WHAT YOU HAVE TO DO
Print the listing in its entirety and exactly, leaving out images.

MATERIAL PROVIDED

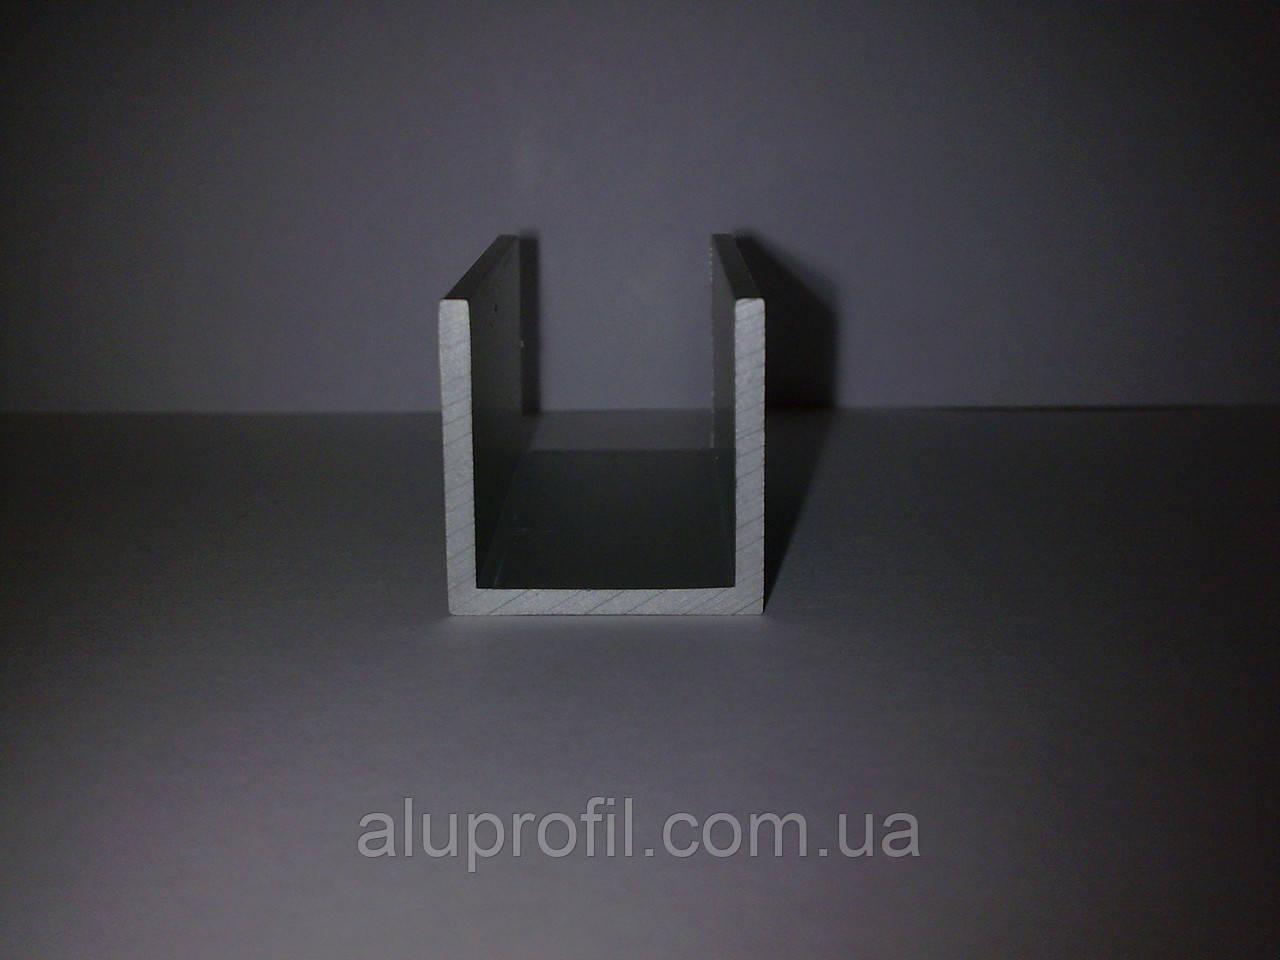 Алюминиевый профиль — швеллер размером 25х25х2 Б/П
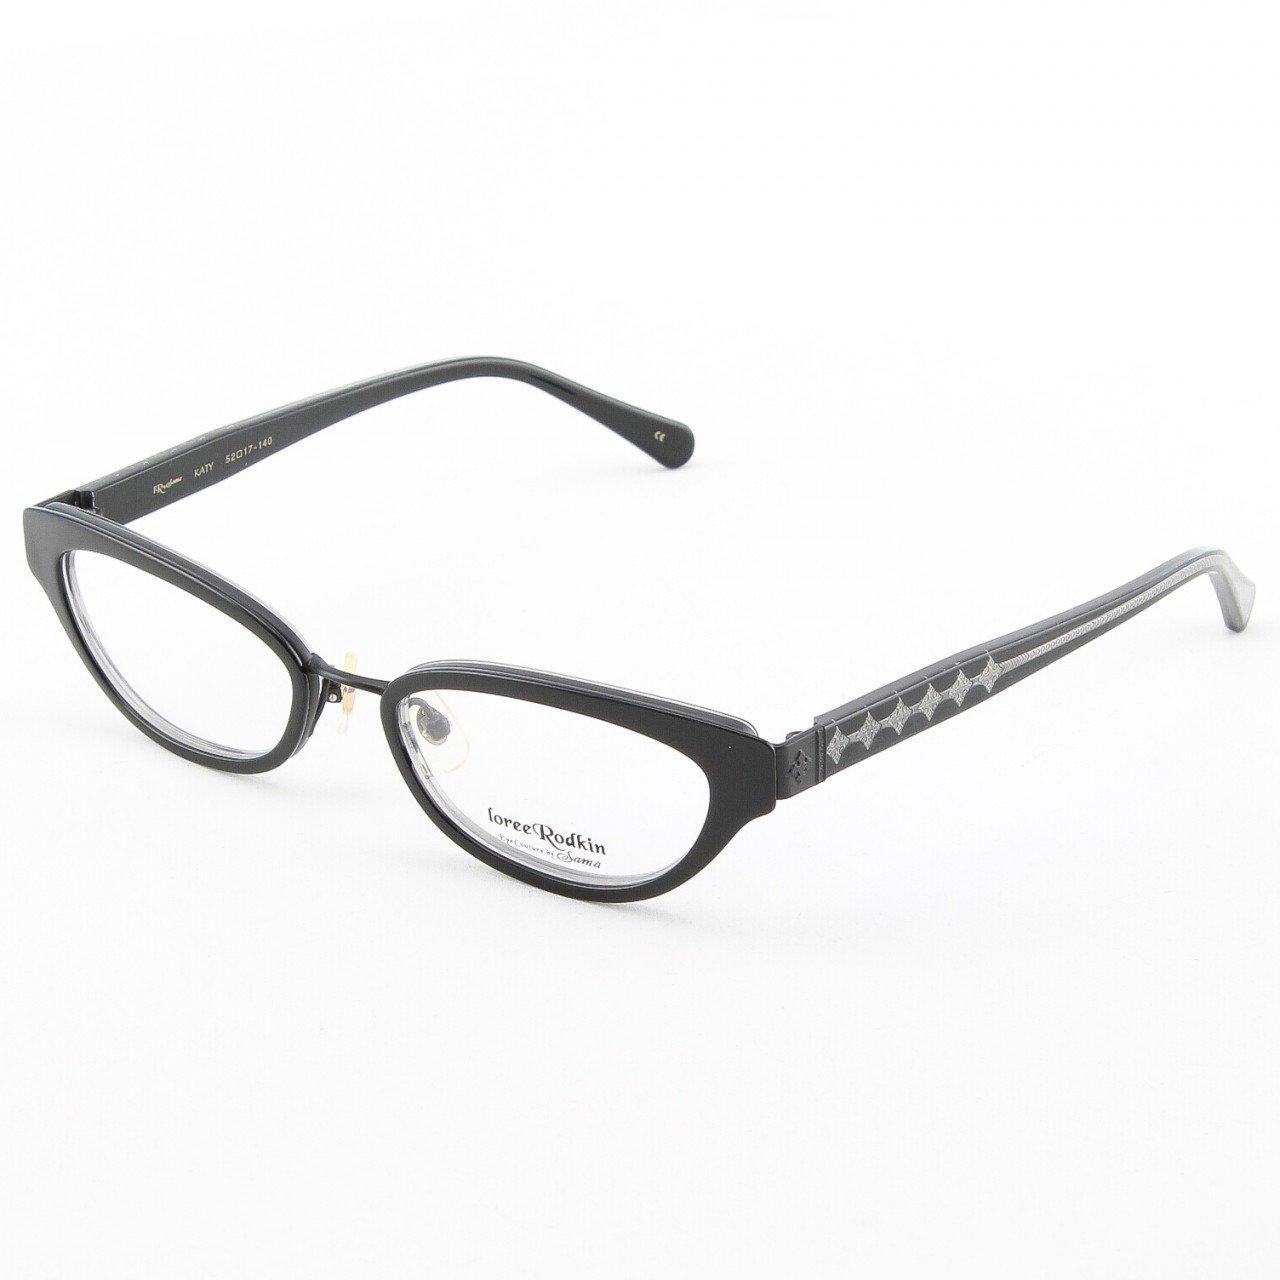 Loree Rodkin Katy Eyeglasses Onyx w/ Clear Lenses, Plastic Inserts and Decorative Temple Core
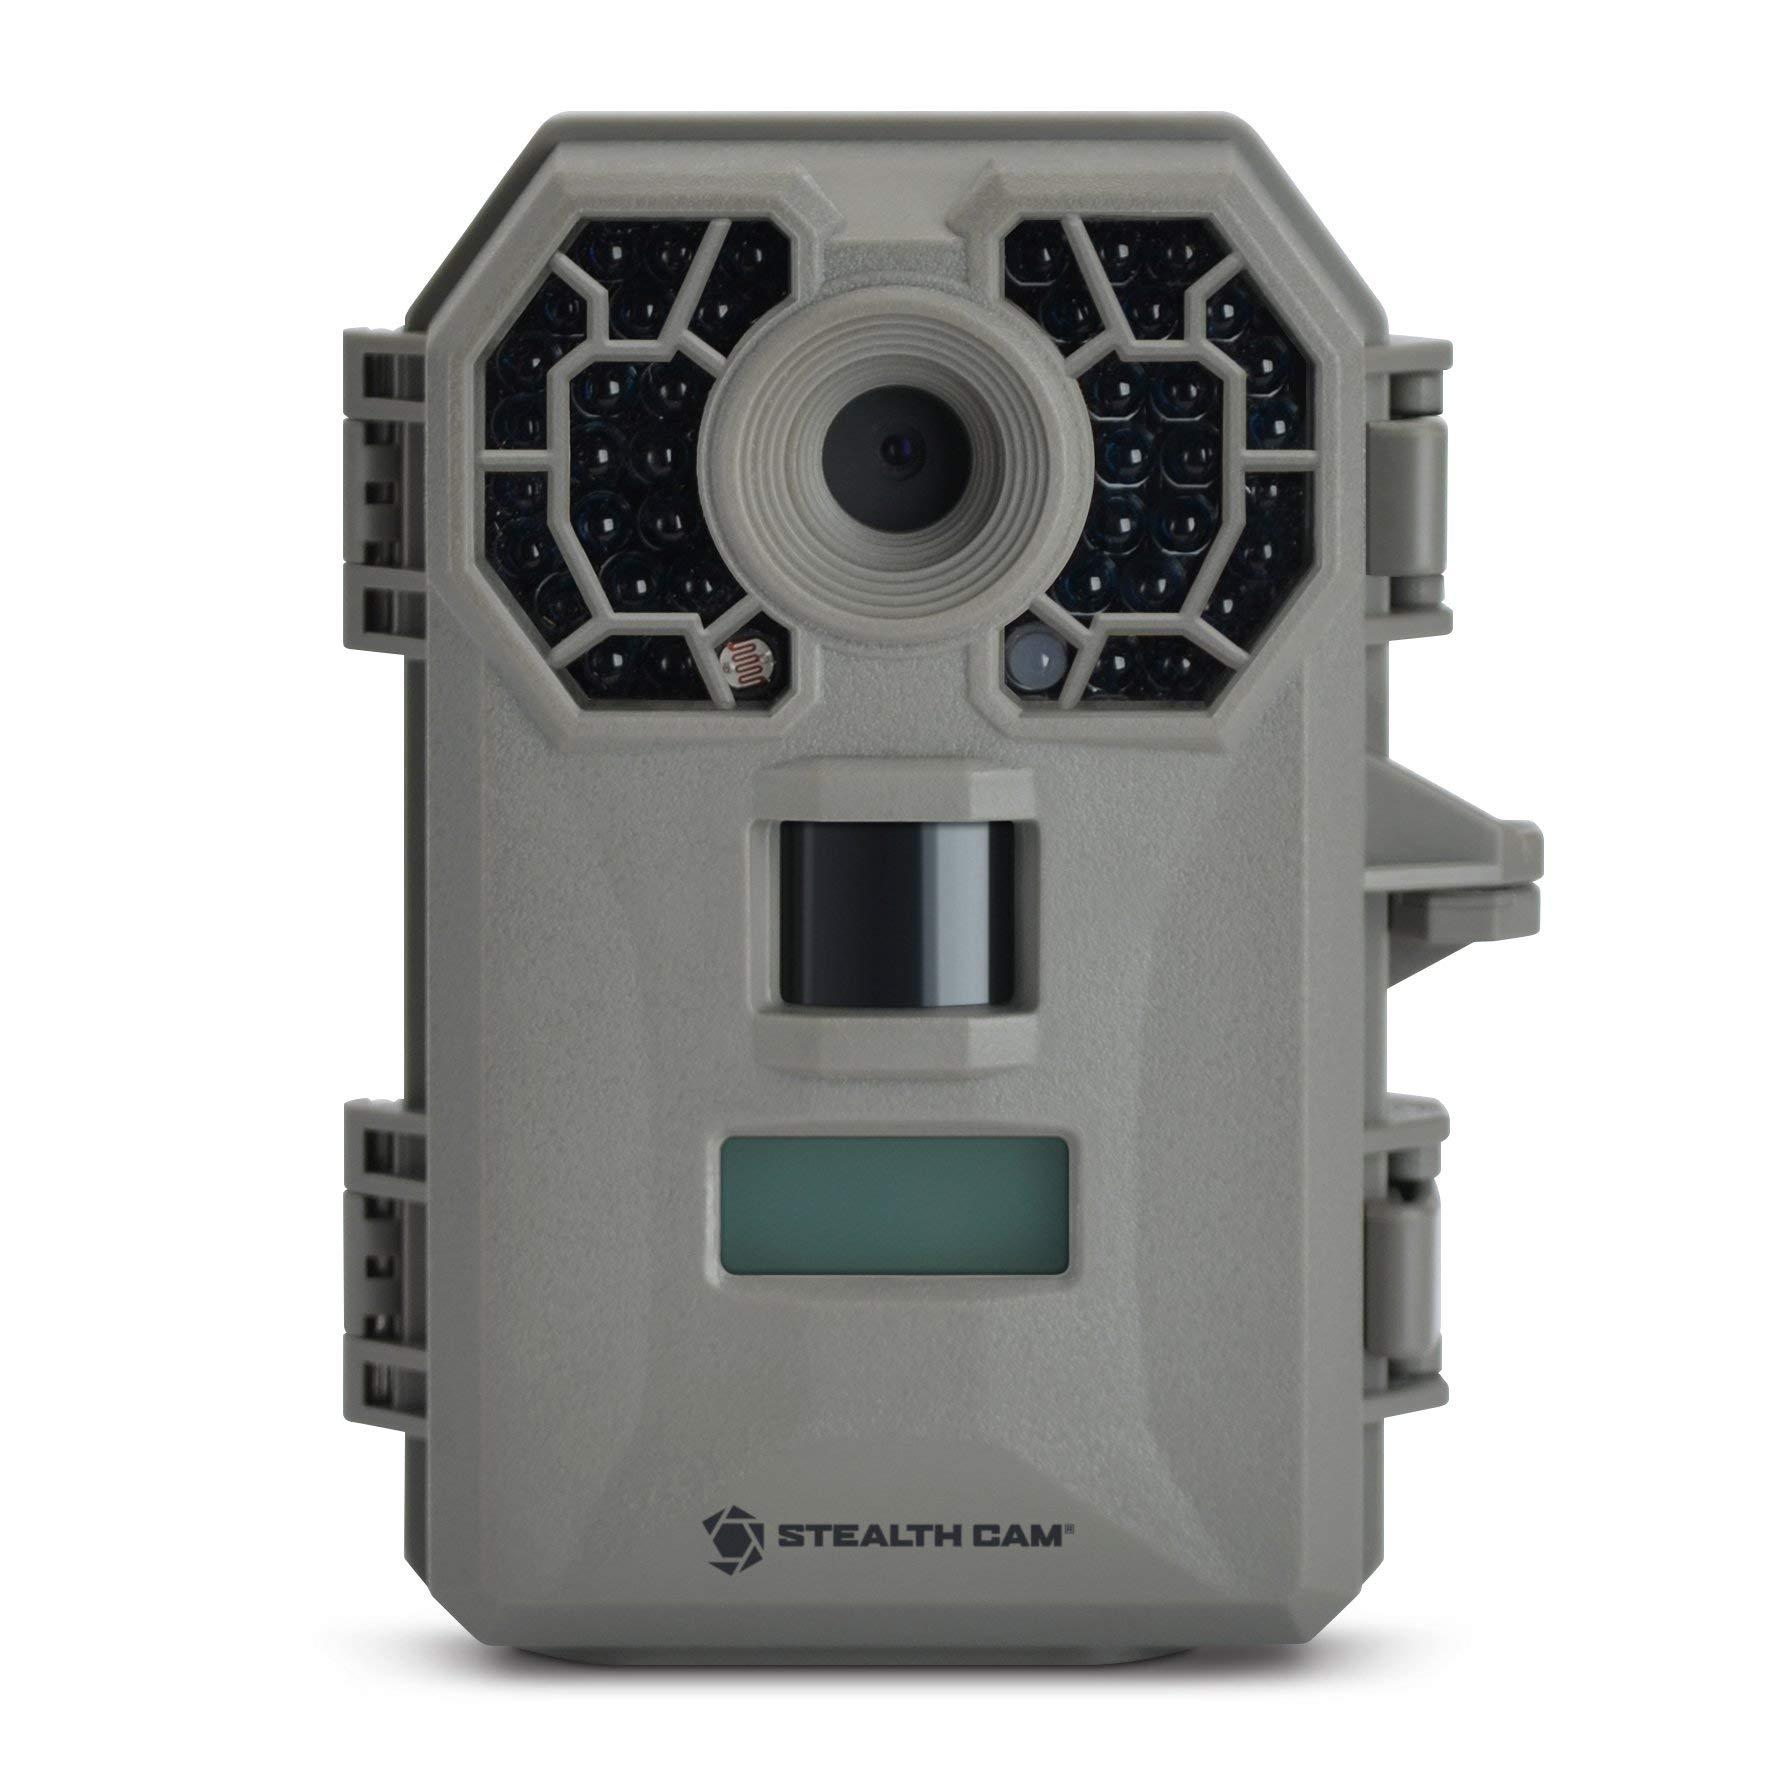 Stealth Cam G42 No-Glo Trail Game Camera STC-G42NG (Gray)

EXERCISE SOLUTION
 Алюминиевый профиль — швеллер размером 25х25х2 Б/П
 Loree Rodkin Katy Eyeglasses Onyx w/ Clear Lenses, Plastic Inserts and Decorative Temple Core
 Stealth Cam G42 No-Glo Trail Game Camera STC-G42NG (Gray)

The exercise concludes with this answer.